Oh! and last thing: it doesn't matter if i KNOW you in real life or online or whatever, I can still coach you if I know you. There are strict confidentiality rules (i even have a legal document drawn up that I will gladly sign and send your way if you'd like (i've done it before several times! it's totally not a big deal for me to do it)) and it doesn't make anything "Weird" or whatever. Like i said, this is my calling in this life, this is literally my reason for being here. I am definitely able to handle things professionally and be detached from you as the person i'm coaching and you as the person who I run into at Target doing errands on a Sunday. Don't worry, this is totally normal for me and not a big deal. I know the majority of my clients in real life in all honesty and I've found that many have told me that they feel better about the process because they knew me at least a little bit before getting involved in the coaching. It's like with anything else, it's best to get a feel for someone before opening up. That's normal and it's normal to feel more comfortable because you know me on some level.  Just please have no worries about that aspect of it at all. Like i said, I know the majority of my clients.

Anyway, just wanted to throw that out there. Wow this has gotten longer than I expected so I'll end it now!

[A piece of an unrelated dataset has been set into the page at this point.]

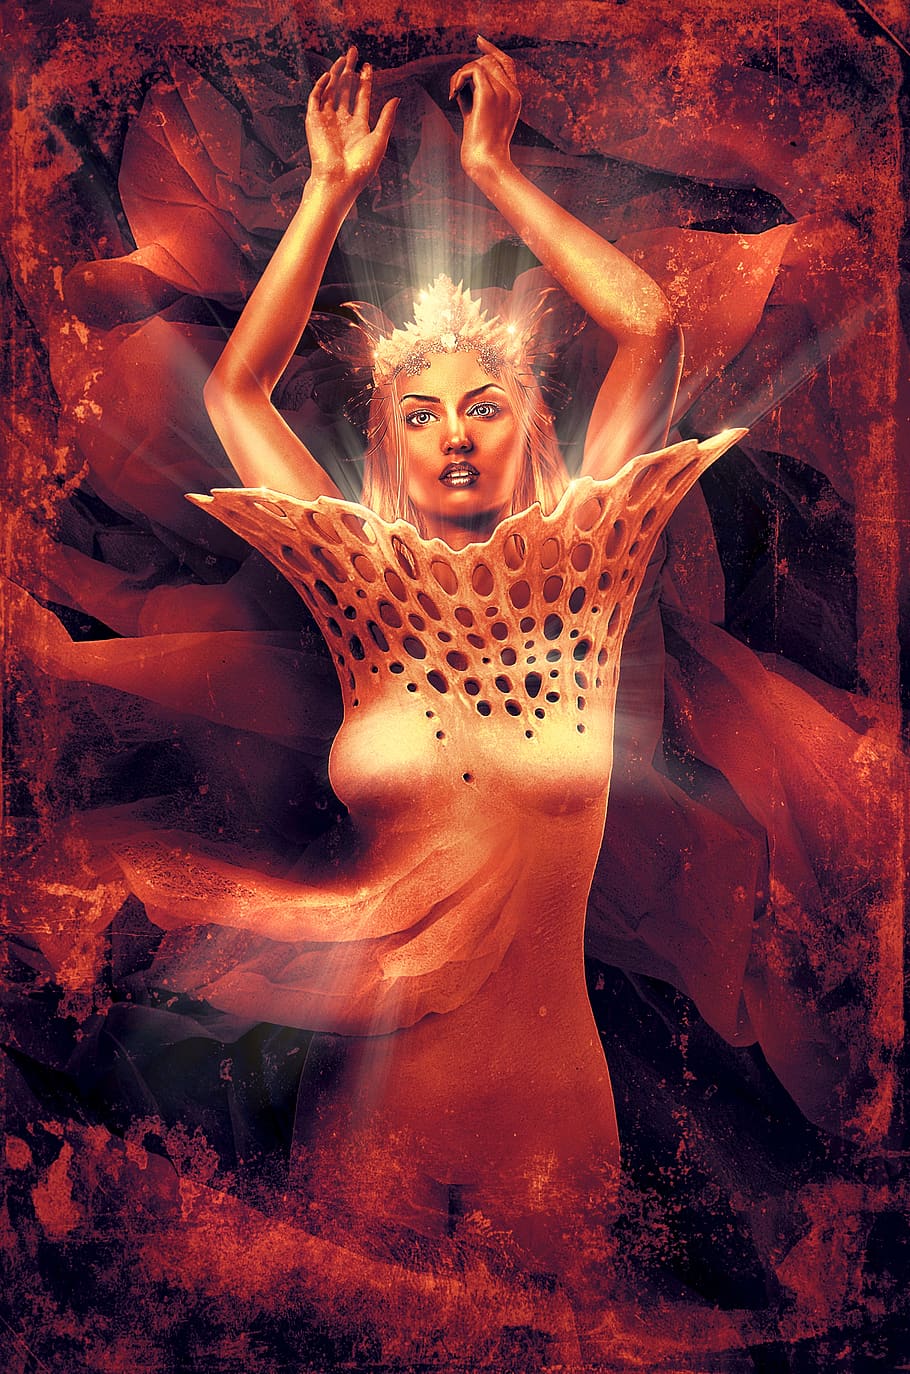 book cover, enlightenment, woman, body, red, light, composing, photomontage, shining, fantasy

I hope this helps clear things up though and I hope that you keep it in your back pocket as an idea. Life is challenging right now and no one is expected to be able to get through it all alone. If you need someone to talk to who can offer you some insight into a situation you're going through, feel free to just send me an email and I'll let you know if coaching would work for this or not.  Lots of times it really just helps to have someone with an alternative opinion look at the situation you're going through and offer some insight. It's even better when that person is a trained professional :)

Thursday, April 8, 2010

Coaching: it's gettin' hot in here - thoughts about wishes

I'm glad to know that someone out there was listening a few weeks ago when, standing in the snow I wished loudly that summer would hurry up and get here already. 

It's nice to feel heard.

The weather, as you know if you live anywhere near me (East Coast area) has been absolutely crazy hot. It's been in the upper 80's lower 90's this whole week. Honestly, I'm kind of overjoyed by this weather. It's nice to have sunlight and warmth for a change, for the tree outside of my window to be covered with tiny little buds and berries. To need a fan to blow on my bare legs while I read in the afternoon.

But no one likes a whole post about the weather and so that's why I want to point something else out here too...this post isn't just about weather, this post really is about Granted Wishes.

See, like i said, a few weeks ago when it was bitter and freezing and we were on our third or fourth blizzard and I had to walk through the snow with my jeans on top of leggings tucked into boots with holes in them, tube socks pulled halfway up my legs and three shirts, a sweater and a coat on, I said to myself, "Can't it please just be summer soon? Can't we skip the cold, wet, rainy spring and just jump right into summer? I would love some 90 degree days!"

And look around you, my friends. That's exactly what happened.

Now obviously I'm not suggesting that I have some magical pull with the universe or the weatherverse or any verses-that-be (but maybe i do, you never know!) but what I am saying is this: Wishes are Granted all the time. 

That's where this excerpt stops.